Speaking from experience, your life will change GREATly when you gave birth to your first child. Everyone talks about the joy of having kids, being pregnant etc but very few people tell you that:

1. You might resent your husband for having a career while your work as a mother is 24hours on call, no fixed time, no one will give you credit or evaluate your work..
2. The baby will need YOUR time more than your husband's.
3. You have constant interruptions from doing what you're doing.
4. You will have very limited time and freedom for yourself.
5. The pain of pregnancy, giving birth and post delivery are yours alone.

-----

Besides the huge change from a career minded woman to a stay at home mom,
You have to know that...

1. Breastfeeding is the best for your children
2. Children are not meant to be in nursery nor are they to be given to others to take care of.
3. Google "daycaresdontcare"

Your relationship with your husband be greatly tested if you are not mentally and emotionally prepared for the transition.
_Posted via Mobile Device_


That being said, my advice is to make sure you have strong social supports such as friends before you get pregnant.
Before you get pregnant, do the things you want to do so that your resentment will be less if not at all.


----------



## I'mInLoveWithMyHubby (Nov 7, 2011)

I love being a SAHM. Before I met my husband I was a single mother and very career oriented. It was my husbands idea for me to stay home and raise the children. We discussed this at length during our engagement period.

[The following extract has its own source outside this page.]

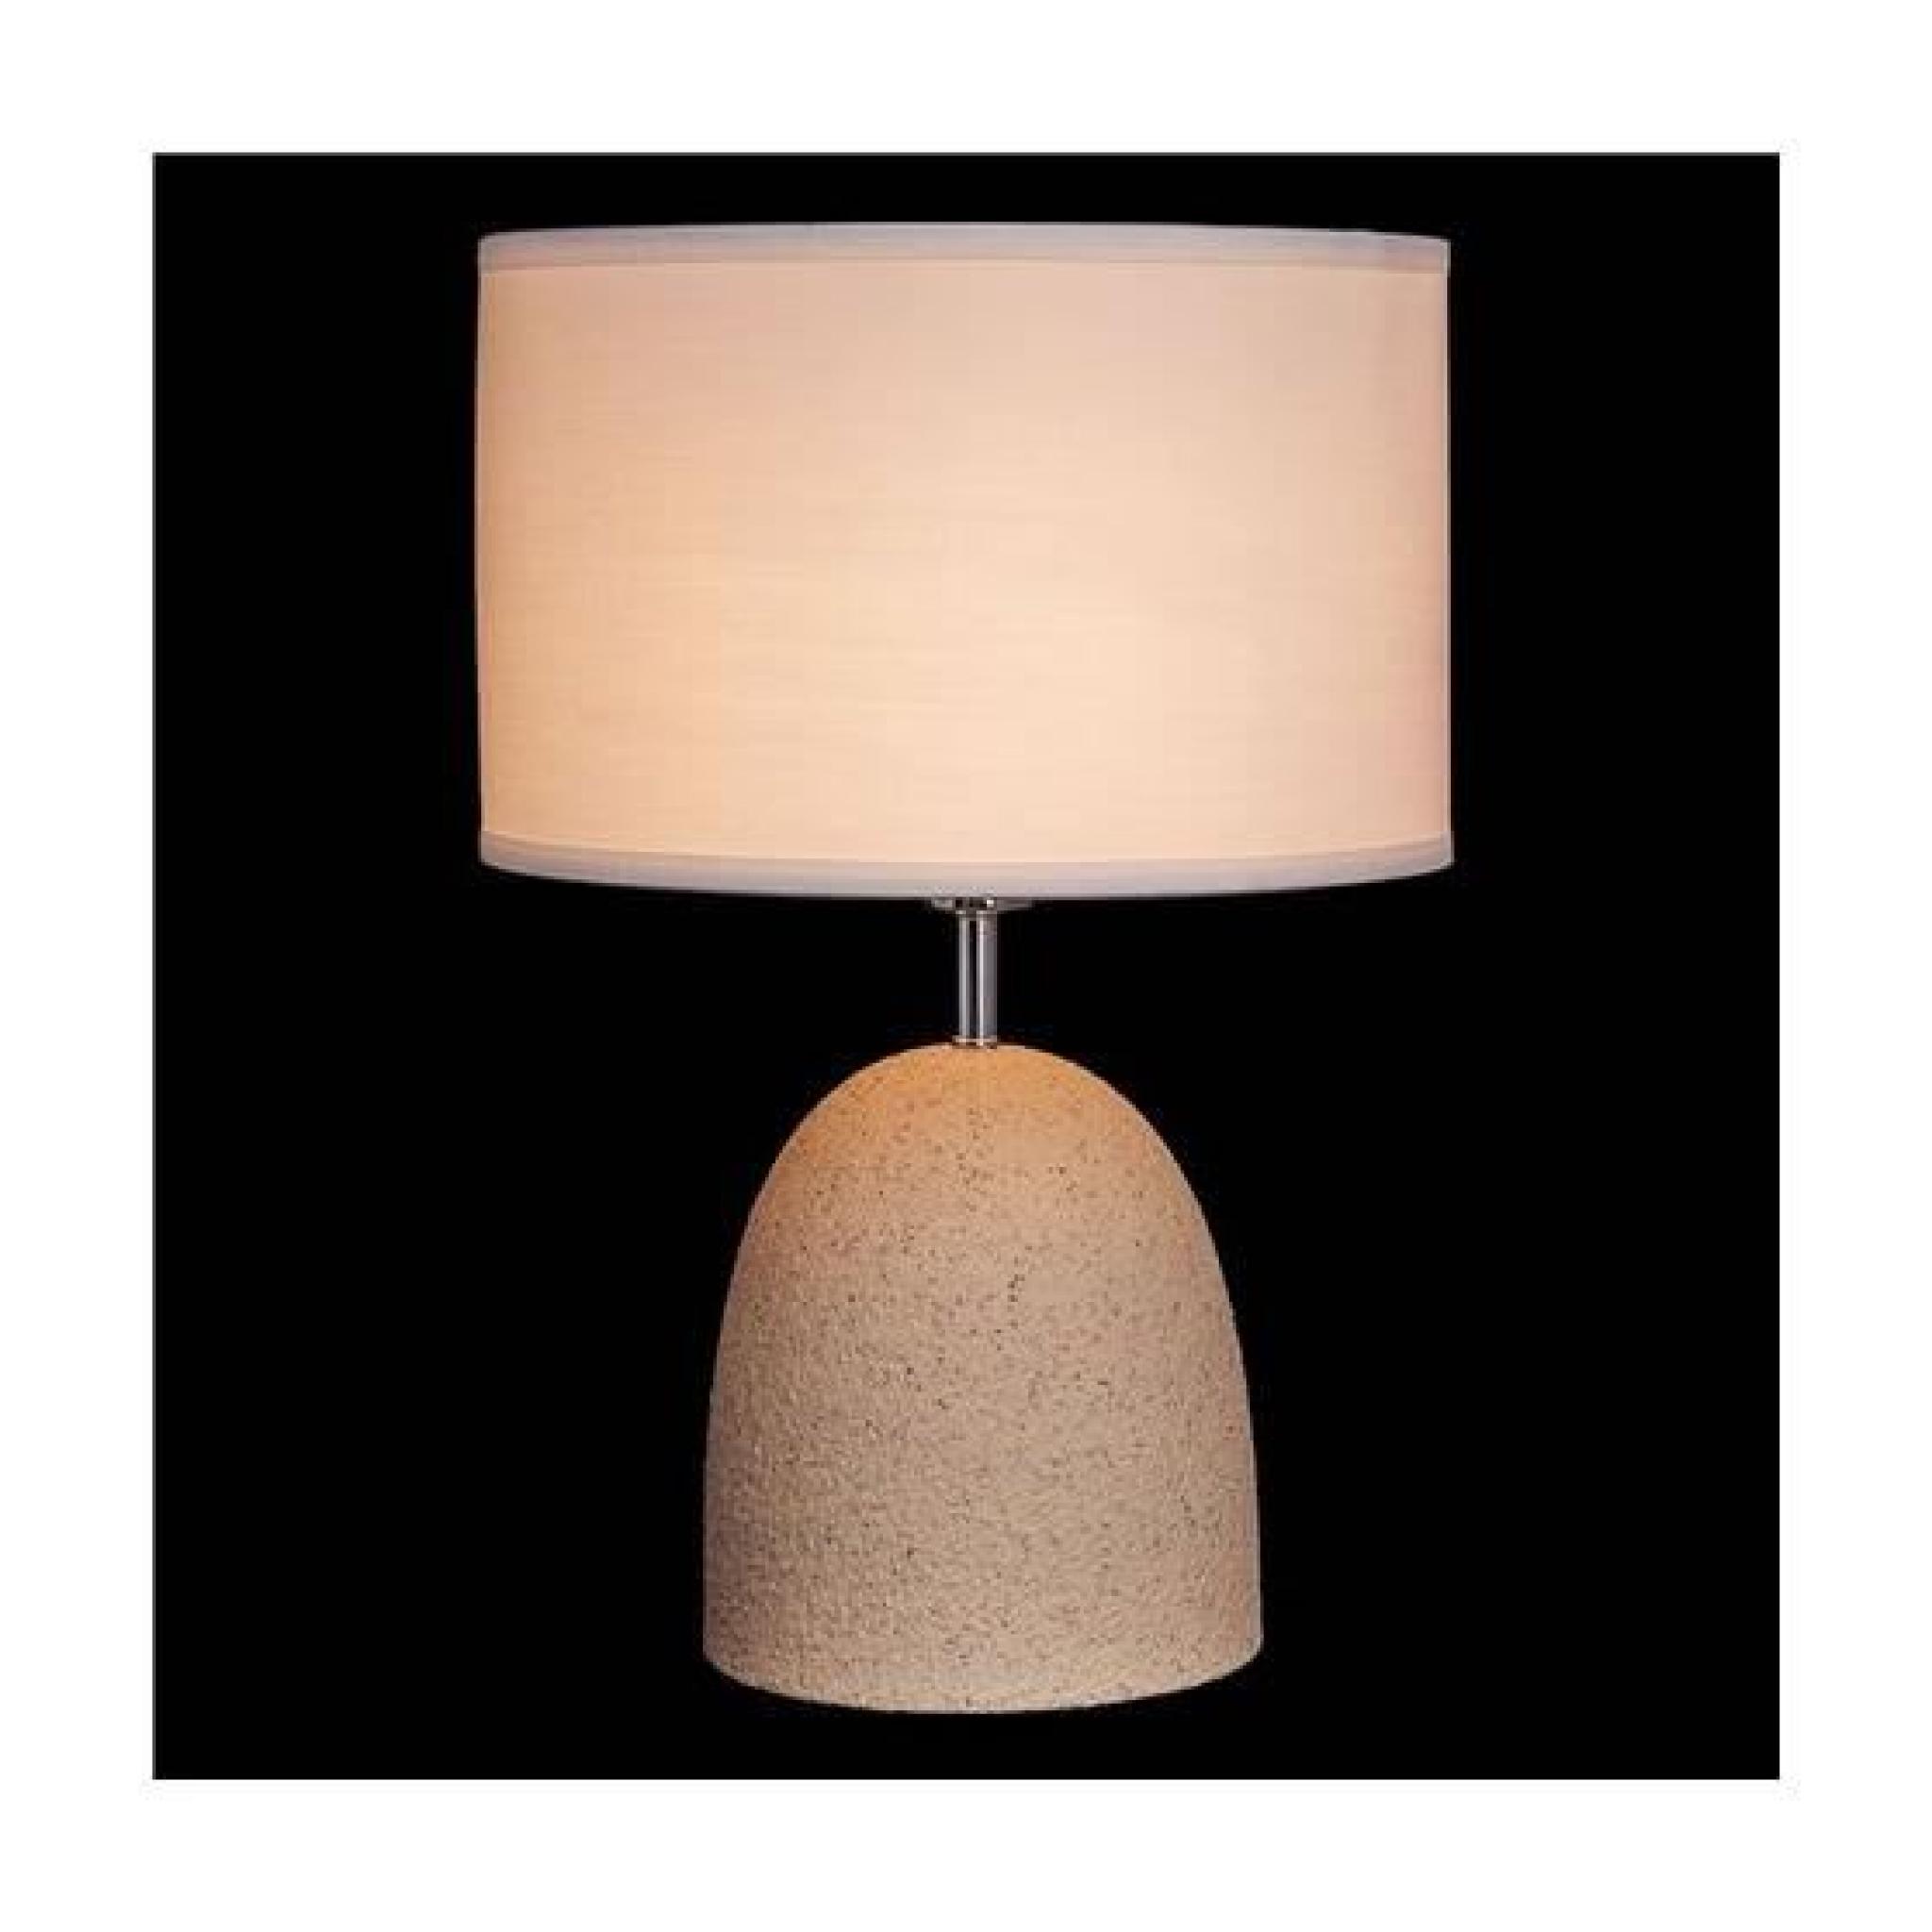 Lampe de table Megapolis 654030101 Chrome 1 x 60W pas cher

My husband has always been very supportive and would give me all the free time I needed to attend to my personal interests. I never felt tied down. Also I took the children where I needed to go. The most difficult time was during the toddler years. Once they reached school age I had very active children and we had them in activities as well as sports once they reached 1st grade. Life was and is busy, but also very rewarding.

I've been a SAHM for 11 years now. I'm not returning to work, as I am unable to anyway. Both my husband and I love being parents. My youngest is now 10 and my oldest is 19 and living on her own. I never homeschooled. Although, there are many times where I wish I did. My children are very focused on their school work and do very well. They want to be independent as well, so they only ask for help when absolutely needed.

Now I have more then enough time to pursue any hobbies I wish to and I do. My husband fully supports me in anything I take interest in. I never felt tied down as a parent or a stay at home mother.

It doesn't bother me ever if people don't like that I'm home and not working and I don't ever let anyone intimidate me either. Including my disability. My husband is fully capable of supporting our family and I'm more then grateful for this. My husband has especially phenomenal support towards me and my injury. 

My two youngest are very good children and they even are each others best friend. I'm very lucky they very rarely argue and often are keeping each other company. We have a wonderful time together and we make many wonderful memories. My husband and I take very active roles in their lives.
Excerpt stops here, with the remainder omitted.